外部委託という活動に対しては、PIC/S GMPガイドのパートI、第7章に詳述されている原則に従って、委託者と業務受託当事者との間の書面による契約によって規定、合意および管理しなければならない。
《注》あくまで、何か事が生じれば委託者の責任となることを留意しておかなければならない。逆に言えば、依頼した自分の責任リスクを低減・回避するためにも、受託者に必要と判断しうるすべての情報提供や支援をしなければいけない。


10. COMPLAINTS
10. 苦情

《注》複数形なので、苦情という漠然とした名詞的意味ではなく、「(複数の)苦情に対する処理」あたりの意味合いと想像する。
《注》基本的な流れについては、情報交換の社内外の相手が変わるだけで市販製品と同様と考える。

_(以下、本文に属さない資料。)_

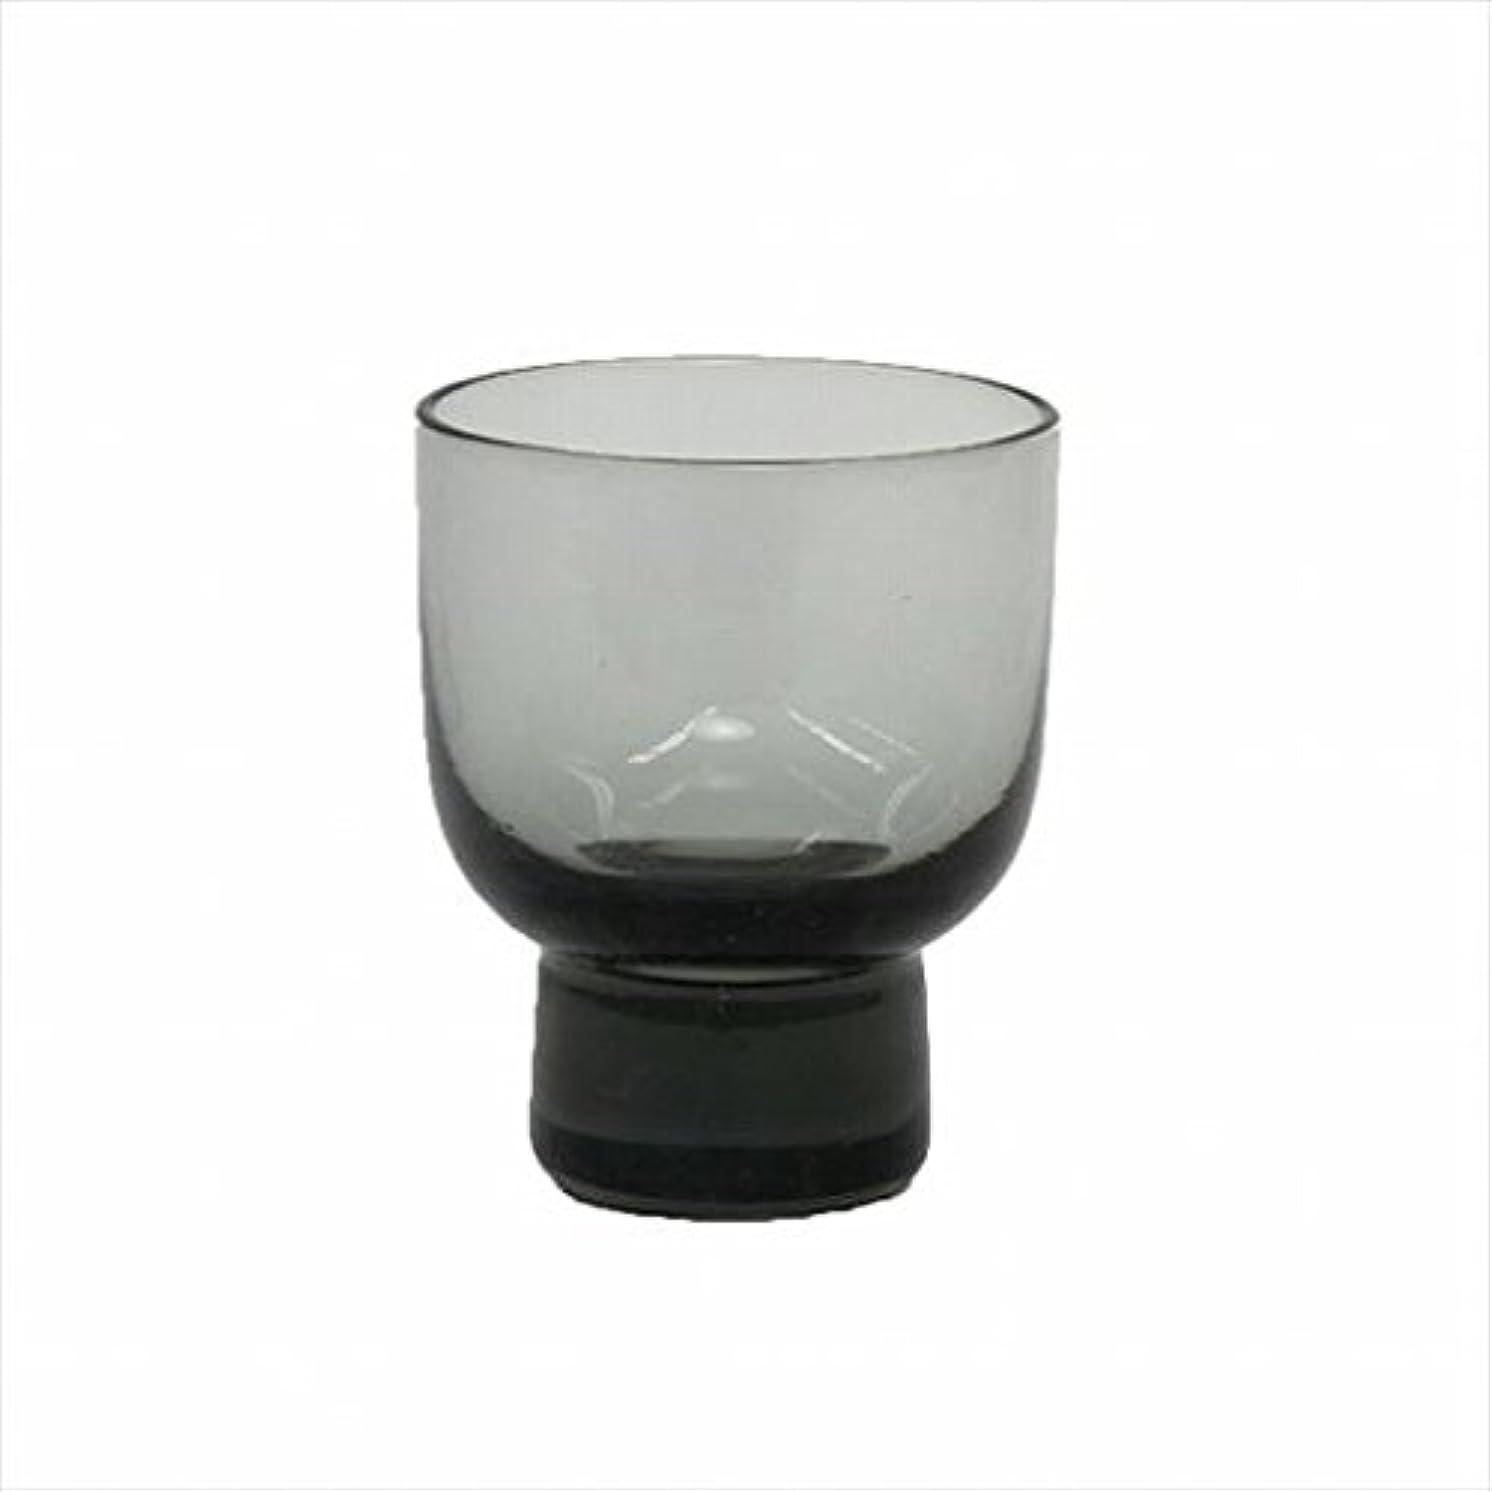 手がかり意識的カメヤマキャンドル(kameyama candle) ロキカップ 「 スモーク 」

1.    There should be written procedures describing the actions to be taken upon receipt of a complaint at the manufacturing, storage or importation site. All complaints should be documented and assessed to establish if they represent a potential quality defect or other issue. The procedures should ensure that the sponsor is able to assess the complaints to determine if they justify the reporting of a serious breach to the relevant competent authority.

1. 製造、保管または輸入のサイトで苦情を受け取ったときに取るべき措置を記述している手順書を準備しておかなければならない。すべての苦情について、潜在的な品質の欠陥またはその他の問題を示しているかもしれないとして文書化し、評価しなければならない。手順は、治験依頼者が関連する管轄当局への重大な違反の報告を正当化しうるものかどうか判断するための苦情の評価ができるようにしておかなければならない。

2.    The investigation of quality defect should be performed in accordance with the principles detailed in Part I, Chapter 8 of the PIC/S GMP Guide.

2. 品質欠陥の調査は、PIC/S GMPガイドのパートI、第8章に詳述されている原則に従って実施しなければならない。

3.    The conclusions of the investigation should be discussed between the manufacturer and the sponsor, if different, in a timely manner. This should involve the Authorised Person and those responsible for the relevant clinical trial in order to asses any potential impact on the trial, product development and on subjects.

3. 調査の結論は、製造業者と治験依頼者とが異なる場合は、タイムリーに両者の間で話し合わなければならない。ここには、治験、製品開発および被験者への潜在的な影響を評価するために、AP(苦情責任者)および関連する臨床試験の責任者が関与しなければならない。